To see why this is the case it is important to note that
Claim 2: For a compact connected simple Lie group $ \G $, $ G $ is a finite maximal closed subgroup of $ \G $ if and only if $ G $ is Ad-irreducible and $ G $ is a maximal finite subgroup of $ \G $.
this follows from Corollary 3.5 of Sawicki and Karnas - Universality of single qudit gates.
Since a finite subgroup of $ SU_n $ is Ad-irreducible if and only if it is a unitary 2-design we have
Claim 3: $ G $ is a finite maximal closed subgroup of $ SU_n $ if and only if $ G $ is a maximal unitary 2-group in $ SU_n $.
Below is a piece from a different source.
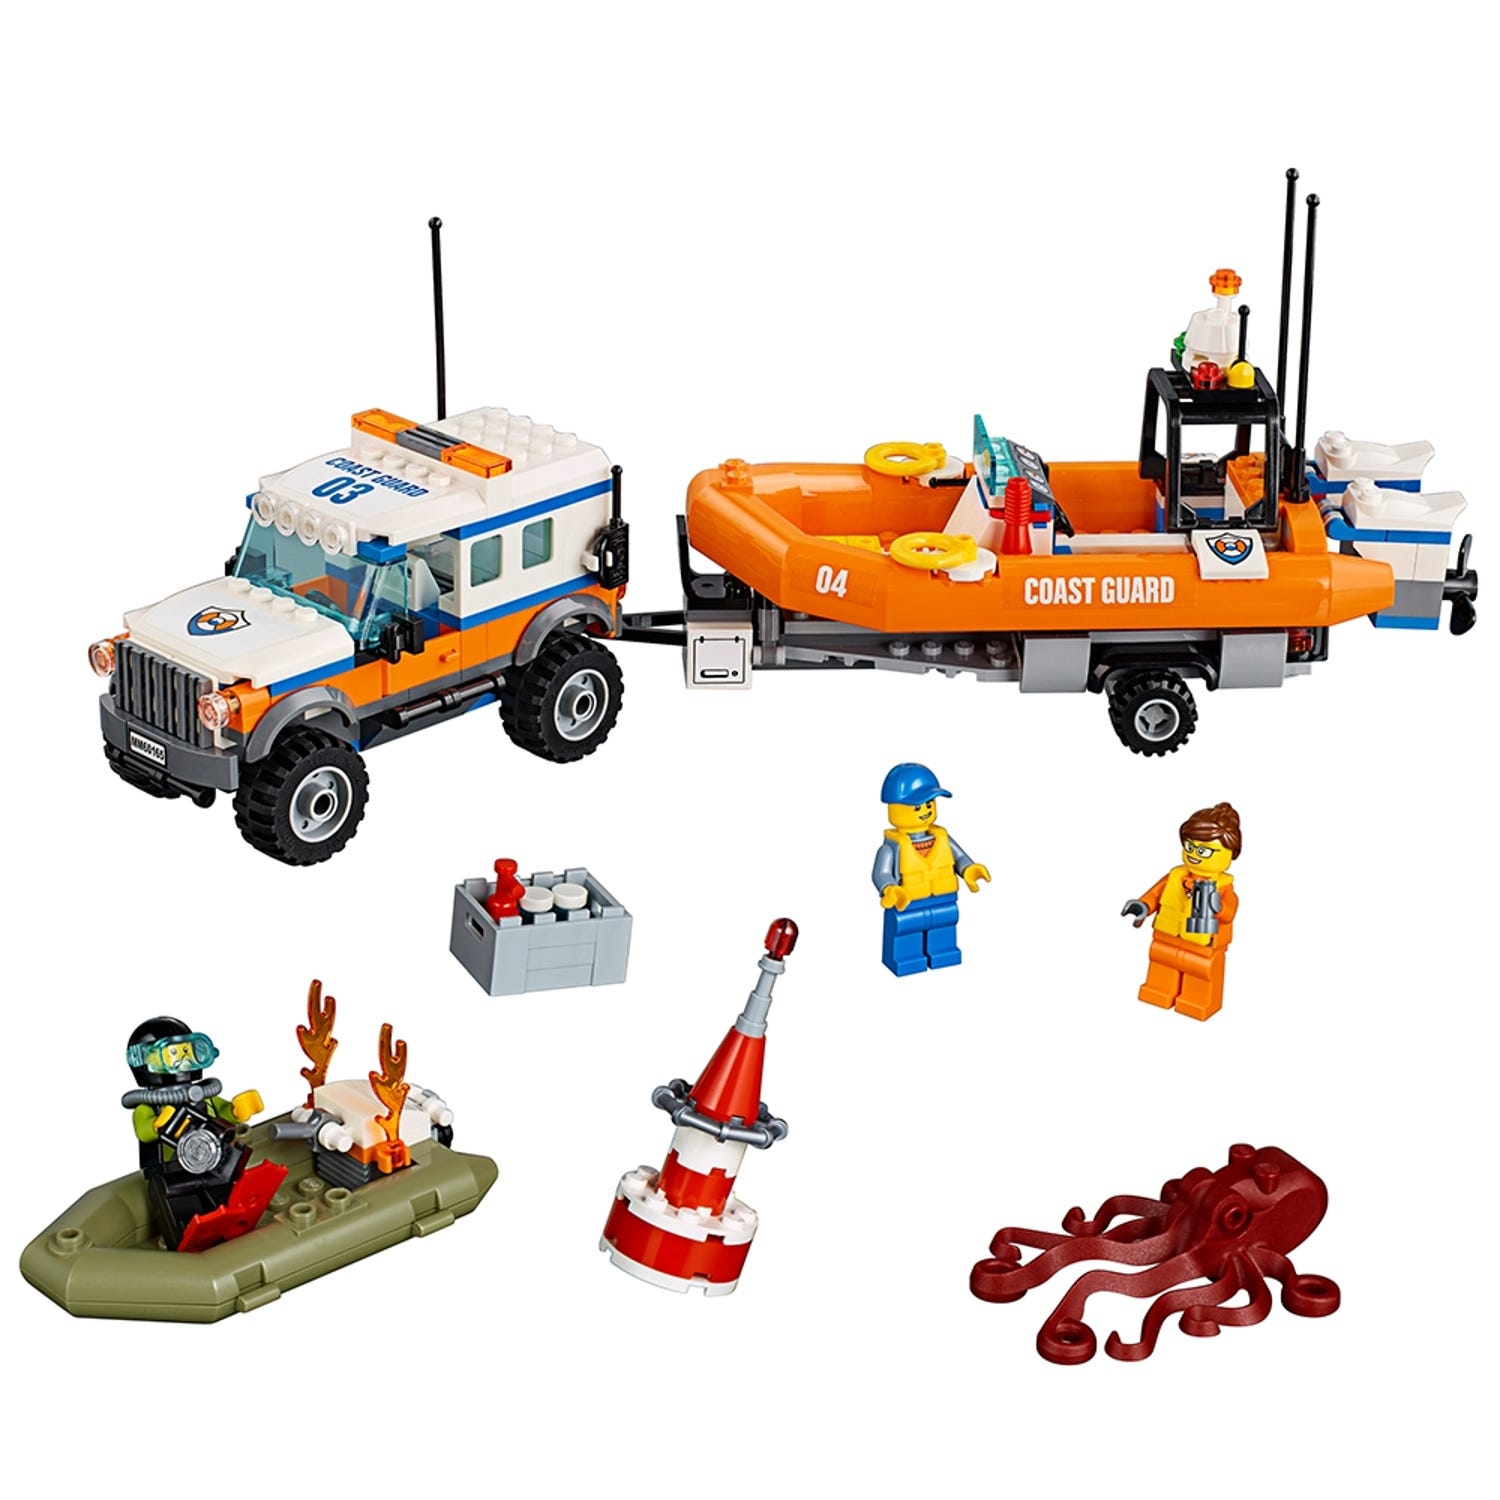 Sada undtagelse Kunstneriske 4 x 4 Response Unit 60165 | City | Buy online at the Official LEGO® Shop US

By inspecting Theorem 3 of Bannai, Navarro, Rizo, and Pham Huu Tiep - Unitary $t$-groups one immediately determines that $ SU_{15} $ has no finite maximal closed subgroups.
Some of the main examples of finite maximal closed subgroups of $ SU_n $ include the normalizer in $ SU_{p^n} $ of an extra-special group $ p^{2n+1} $. Here $ p $ is an odd prime. There is also a similar construction $ p=2 $. These are known as (complex) Clifford groups. Then there are infinite families of examples relating to the Weil module for $ \operatorname{PSp}_{2n}(3) $ and another family related to $ U_n(2) $. Plus many exceptional cases.
A similar normalizer construction to the above gives finite maximal closed subgroups of all the $ \operatorname{SO}(2^n) $ as normalizers of an extra-special group $ 2^{2n+1} $. This is known as the real Clifford group. For details about real and complex Clifford groups see Nebe, Rains, and Sloane - Self-Dual Codes and Invariant Theory.